◆ RECORDS SHOWN:
· · ·
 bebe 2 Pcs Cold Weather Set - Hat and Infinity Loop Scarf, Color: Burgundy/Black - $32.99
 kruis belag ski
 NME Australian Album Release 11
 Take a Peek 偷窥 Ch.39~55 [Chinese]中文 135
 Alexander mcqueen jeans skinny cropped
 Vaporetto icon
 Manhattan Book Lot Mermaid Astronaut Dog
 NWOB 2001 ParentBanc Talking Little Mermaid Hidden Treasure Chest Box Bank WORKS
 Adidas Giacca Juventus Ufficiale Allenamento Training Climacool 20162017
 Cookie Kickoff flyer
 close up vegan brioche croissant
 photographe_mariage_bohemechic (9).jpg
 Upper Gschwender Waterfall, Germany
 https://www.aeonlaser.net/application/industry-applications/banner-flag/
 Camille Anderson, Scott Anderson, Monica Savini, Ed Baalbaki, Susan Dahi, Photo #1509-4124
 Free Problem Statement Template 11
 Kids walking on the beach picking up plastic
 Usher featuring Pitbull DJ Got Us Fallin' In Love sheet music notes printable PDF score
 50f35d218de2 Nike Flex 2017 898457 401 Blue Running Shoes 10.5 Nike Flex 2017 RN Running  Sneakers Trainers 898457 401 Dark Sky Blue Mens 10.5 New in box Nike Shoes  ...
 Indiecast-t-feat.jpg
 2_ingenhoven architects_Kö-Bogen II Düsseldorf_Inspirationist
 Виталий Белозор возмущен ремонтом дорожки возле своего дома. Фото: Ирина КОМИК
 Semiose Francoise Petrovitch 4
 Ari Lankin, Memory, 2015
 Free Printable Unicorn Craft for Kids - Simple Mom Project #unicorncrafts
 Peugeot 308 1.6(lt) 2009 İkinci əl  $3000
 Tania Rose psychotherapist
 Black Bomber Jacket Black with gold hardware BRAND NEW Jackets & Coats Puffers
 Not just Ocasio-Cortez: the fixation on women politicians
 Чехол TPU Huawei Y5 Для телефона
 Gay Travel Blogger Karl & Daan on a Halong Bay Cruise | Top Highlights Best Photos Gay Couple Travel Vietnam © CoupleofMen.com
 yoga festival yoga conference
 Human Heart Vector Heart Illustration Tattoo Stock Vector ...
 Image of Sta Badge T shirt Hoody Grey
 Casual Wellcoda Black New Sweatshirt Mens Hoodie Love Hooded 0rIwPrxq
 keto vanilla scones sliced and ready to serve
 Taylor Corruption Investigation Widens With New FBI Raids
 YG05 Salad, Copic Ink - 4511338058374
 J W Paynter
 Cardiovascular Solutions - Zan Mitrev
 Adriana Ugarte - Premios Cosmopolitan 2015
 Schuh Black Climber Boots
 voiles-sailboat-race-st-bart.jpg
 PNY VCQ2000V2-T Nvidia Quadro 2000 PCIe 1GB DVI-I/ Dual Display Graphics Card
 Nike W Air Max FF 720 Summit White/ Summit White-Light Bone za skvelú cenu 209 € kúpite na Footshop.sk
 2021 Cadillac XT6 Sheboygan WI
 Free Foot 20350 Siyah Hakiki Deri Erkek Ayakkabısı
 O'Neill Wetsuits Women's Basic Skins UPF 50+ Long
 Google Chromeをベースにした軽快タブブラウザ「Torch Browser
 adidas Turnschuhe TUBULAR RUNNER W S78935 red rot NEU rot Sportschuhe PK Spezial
· · ·
◆ DESCRIPTION OF THE TASK: Output each line of the records above exactly, beginning at the first, and stop once the line containing "PNY VCQ2000V2-T Nvidia" has been output.

◆ RESPONSE BELOW:
 bebe 2 Pcs Cold Weather Set - Hat and Infinity Loop Scarf, Color: Burgundy/Black - $32.99
 kruis belag ski
 NME Australian Album Release 11
 Take a Peek 偷窥 Ch.39~55 [Chinese]中文 135
 Alexander mcqueen jeans skinny cropped
 Vaporetto icon
 Manhattan Book Lot Mermaid Astronaut Dog
 NWOB 2001 ParentBanc Talking Little Mermaid Hidden Treasure Chest Box Bank WORKS
 Adidas Giacca Juventus Ufficiale Allenamento Training Climacool 20162017
 Cookie Kickoff flyer
 close up vegan brioche croissant
 photographe_mariage_bohemechic (9).jpg
 Upper Gschwender Waterfall, Germany
 https://www.aeonlaser.net/application/industry-applications/banner-flag/
 Camille Anderson, Scott Anderson, Monica Savini, Ed Baalbaki, Susan Dahi, Photo #1509-4124
 Free Problem Statement Template 11
 Kids walking on the beach picking up plastic
 Usher featuring Pitbull DJ Got Us Fallin' In Love sheet music notes printable PDF score
 50f35d218de2 Nike Flex 2017 898457 401 Blue Running Shoes 10.5 Nike Flex 2017 RN Running  Sneakers Trainers 898457 401 Dark Sky Blue Mens 10.5 New in box Nike Shoes  ...
 Indiecast-t-feat.jpg
 2_ingenhoven architects_Kö-Bogen II Düsseldorf_Inspirationist
 Виталий Белозор возмущен ремонтом дорожки возле своего дома. Фото: Ирина КОМИК
 Semiose Francoise Petrovitch 4
 Ari Lankin, Memory, 2015
 Free Printable Unicorn Craft for Kids - Simple Mom Project #unicorncrafts
 Peugeot 308 1.6(lt) 2009 İkinci əl  $3000
 Tania Rose psychotherapist
 Black Bomber Jacket Black with gold hardware BRAND NEW Jackets & Coats Puffers
 Not just Ocasio-Cortez: the fixation on women politicians
 Чехол TPU Huawei Y5 Для телефона
 Gay Travel Blogger Karl & Daan on a Halong Bay Cruise | Top Highlights Best Photos Gay Couple Travel Vietnam © CoupleofMen.com
 yoga festival yoga conference
 Human Heart Vector Heart Illustration Tattoo Stock Vector ...
 Image of Sta Badge T shirt Hoody Grey
 Casual Wellcoda Black New Sweatshirt Mens Hoodie Love Hooded 0rIwPrxq
 keto vanilla scones sliced and ready to serve
 Taylor Corruption Investigation Widens With New FBI Raids
 YG05 Salad, Copic Ink - 4511338058374
 J W Paynter
 Cardiovascular Solutions - Zan Mitrev
 Adriana Ugarte - Premios Cosmopolitan 2015
 Schuh Black Climber Boots
 voiles-sailboat-race-st-bart.jpg
 PNY VCQ2000V2-T Nvidia Quadro 2000 PCIe 1GB DVI-I/ Dual Display Graphics Card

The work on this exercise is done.